Metadata-Version: 2.4
Name: pyudon
Version: 0.0.1
Summary: Unsupervised Discovery of Novel Disease Programs
Author-email: Kairavee Thakkar <kairavee.thakkar@cchmc.org>, Nathan Salomonis <nathan.salomonis@cchmc.org>
License-Expression: MIT
Project-URL: Repository, https://github.com/kairaveet/py-udon
Project-URL: Issues, https://github.com/kairaveet/py-udon/issues
Classifier: Programming Language :: Python :: 3
Classifier: Operating System :: OS Independent
Requires-Python: >=3.10
Description-Content-Type: text/markdown
License-File: LICENSE
Requires-Dist: scanpy==1.9.5
Requires-Dist: numpy==1.24.4
Requires-Dist: scikit-learn==1.3.0
Requires-Dist: pandas==2.1.0
Requires-Dist: nimfa==1.4.0
Requires-Dist: statsmodels==0.14.0
Requires-Dist: tqdm==4.66.1
Requires-Dist: seaborn==0.12.2
Requires-Dist: matplotlib==3.7.2
Dynamic: license-file

# UDON: Unsupervised Discovery of Novel Disease Programs

**UDON** is a Python package for unsupervised discovery of disease subtypes from patient scRNA-seq data.  
It leverages **control-normalized pseudobulk expression** and **sparse NMF** to identify stable cell-state perturbations.  

UDON includes:  
- **SATAY-UDON** for metadata enrichment  
- **SASHIMI-UDON** for cohorts with limited controls *(coming soon!)*  

![Overview of UDON Toolkit](udon_toolkit_overview.png)
---

## 🚀 Installation  

Create a virtual environment and install UDON from PyPI:  

```bash
conda create -n udon_env python=3.10
conda activate udon_env

pip install py-udon
```

## 📂 Input Requirements  

UDON currently supports h5ad format and **human scRNA-seq data**.  

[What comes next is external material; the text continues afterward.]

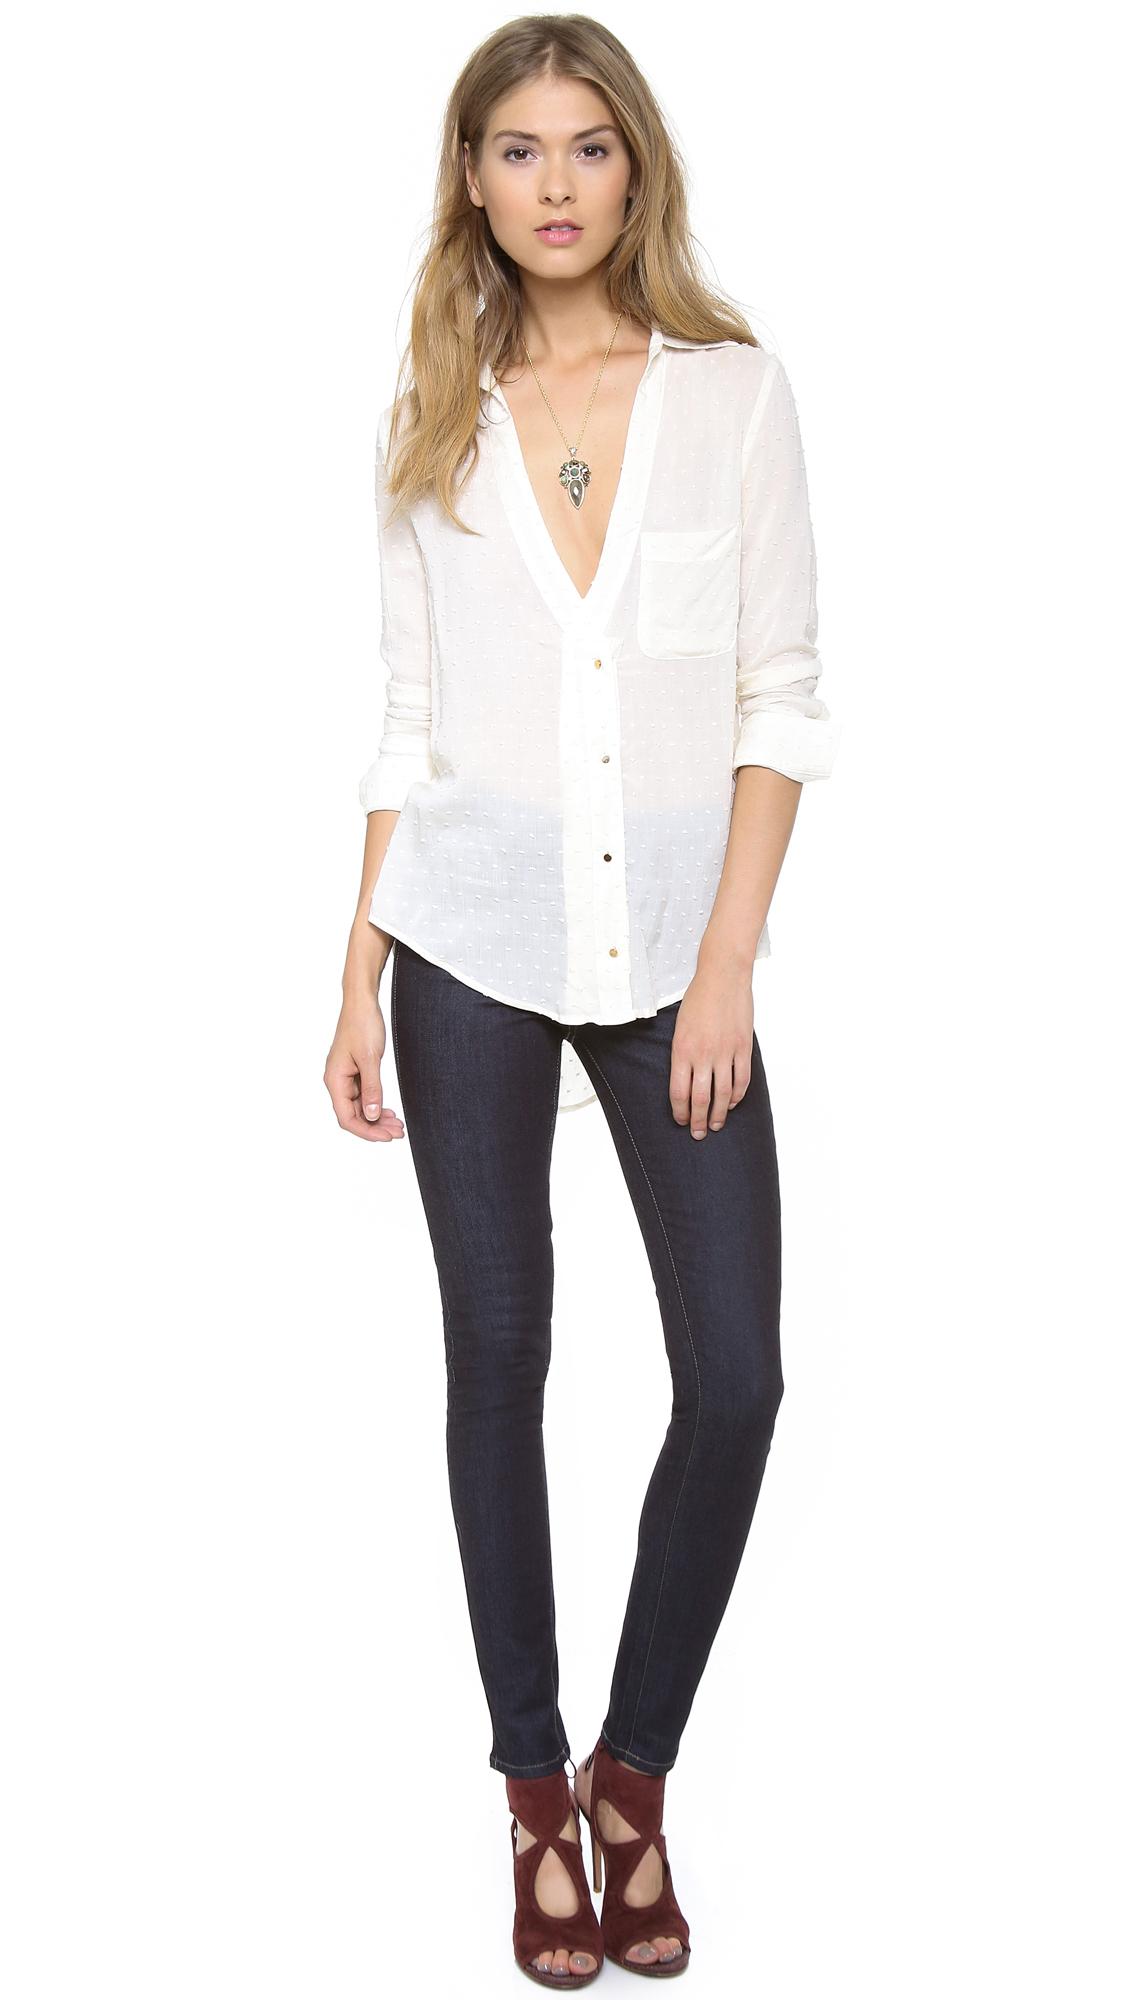 Paige Denim Hoxton Ultra Skinny Jeans - Evolve In Blue

- If your data is in **Seurat**, convert it to `.h5ad` (AnnData) format using one of:  
  - [`SeuratDisk`](https://mojaveazure.github.io/seurat-disk/articles/convert-anndata.html)  
  - [`sceasy`](https://github.com/cellgeni/sceasy)  

- Alternatively, generate an AnnData object directly using **Scanpy**.  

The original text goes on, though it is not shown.